Private LLM deployments on Azure are not about restricting AI adoption. They are about removing the barriers that prevent AI from reaching production. When data security, cost predictability, performance consistency, and regulatory compliance are addressed architecturally, the “should we?” question becomes “when do we start?”

The organisations moving fastest with enterprise AI are the ones that resolved the trust question early. They built the private infrastructure, proved value with targeted use cases, and scaled from a position of confidence rather than caution.

The technology is mature. The patterns are well-established. The remaining question is whether your architecture is ready to support what your AI strategy demands.


Sources

  1. Microsoft. Q4 FY2025 Earnings: Azure OpenAI serves 230,000+ organisations; 80% of Fortune 500 use Azure AI Foundry. 2025.
  2. McKinsey & Company. “The State of AI: Global Survey.” November 2025.
  3. Cloudera. “The Future of Enterprise AI Agents.” Survey of 1,484 enterprise IT leaders across 14 countries.

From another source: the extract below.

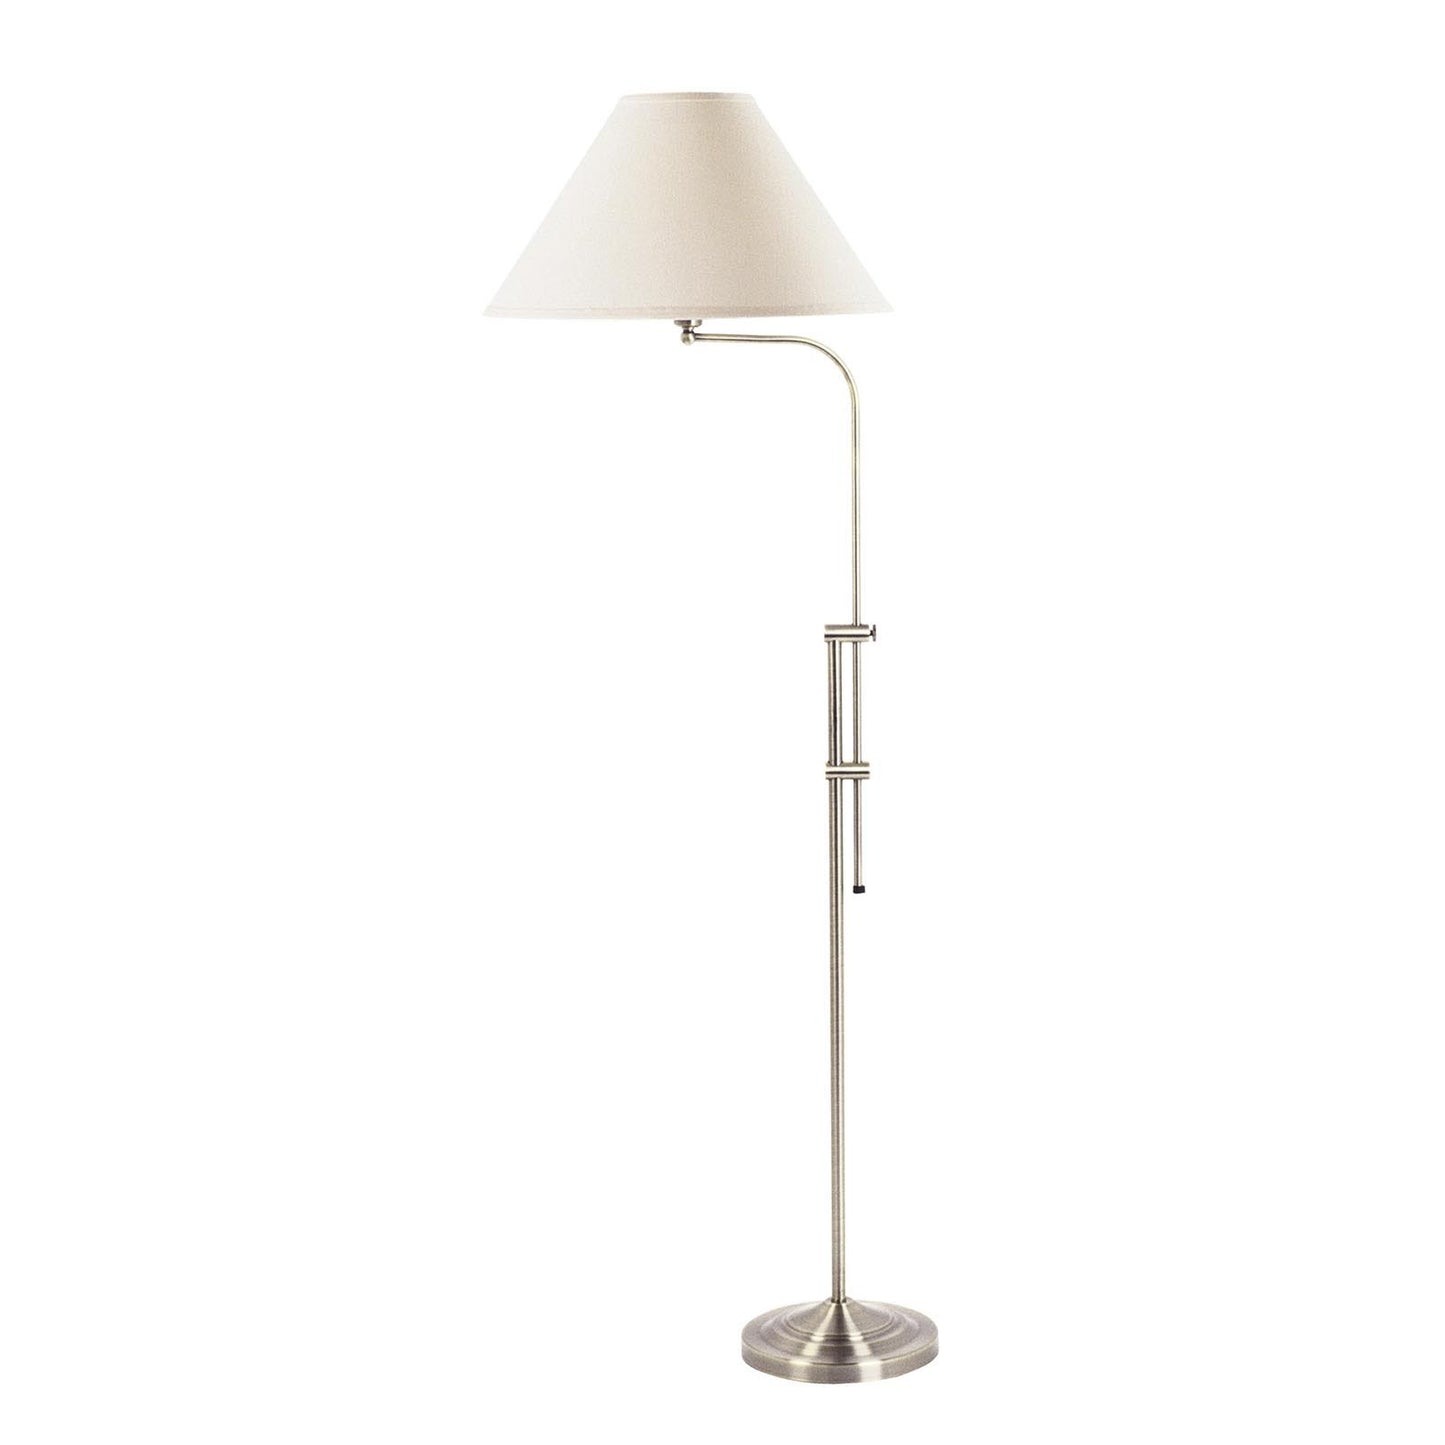 68" Nickel Adjustable Traditional Shaped Floor Lamp With White Empire Shade
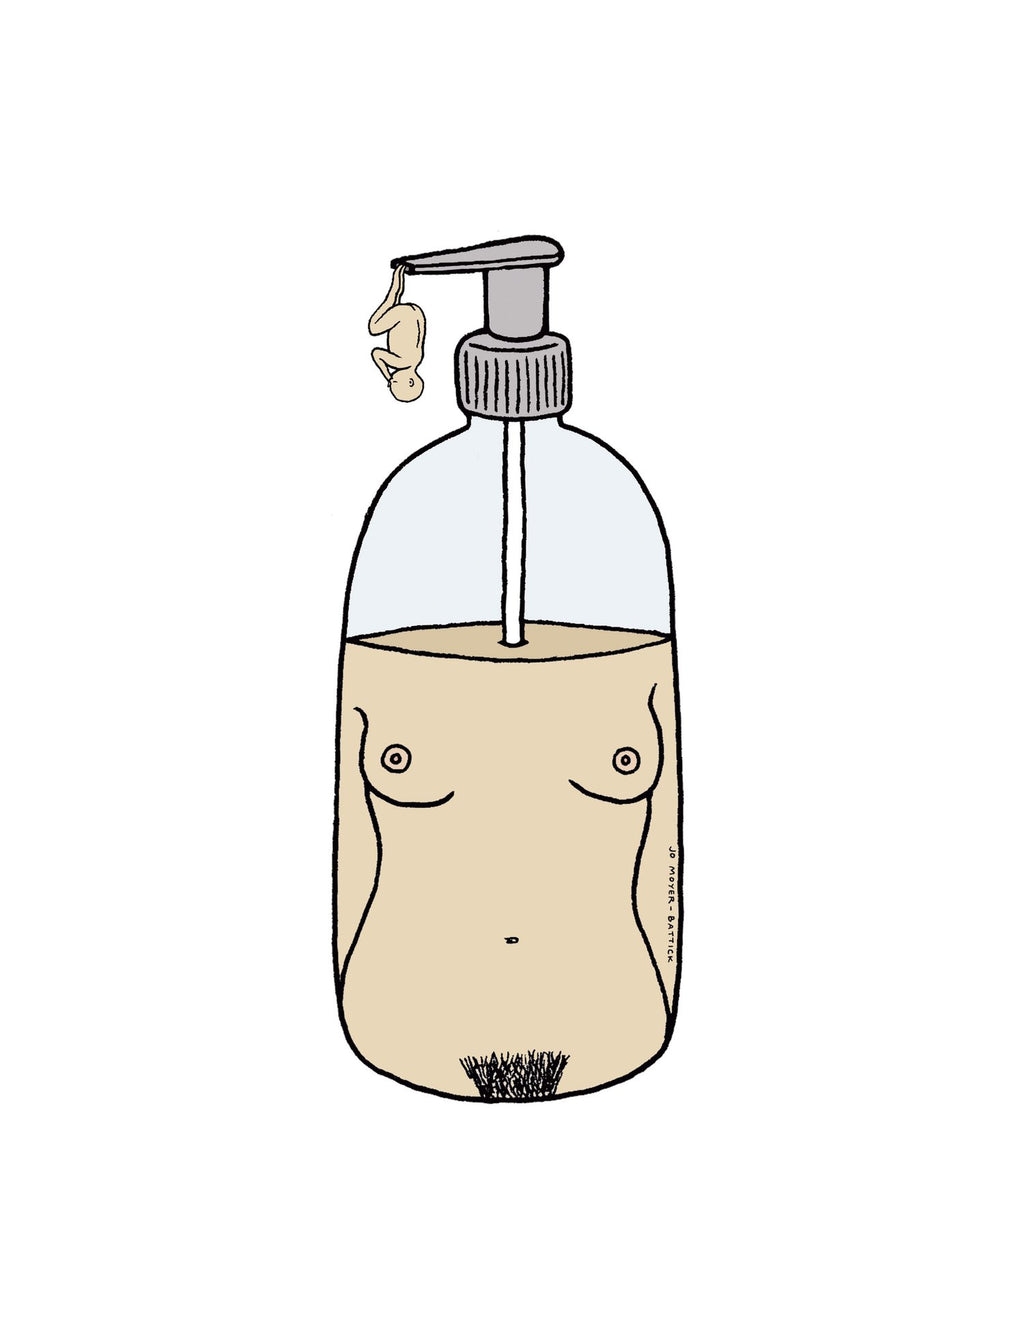 Baby Bottle 8.5x11in Giclee Print

April 2025.
  4. OpenText & Capgemini. “World Quality Report 2025.” Survey of 2,000+ senior executives across 22 countries. November 2025.
  5. Microsoft. “Microsoft announces acquisition of Osmos to accelerate autonomous data engineering in Fabric.” January 2026.
  6. Microsoft. “Fabric IQ: The Semantic Foundation for Enterprise AI.” Ignite 2025 announcement. November 2025.
  7. Microsoft. Azure OpenAI Service documentation: Private endpoints, provisioned throughput, and data processing. 2025-2026.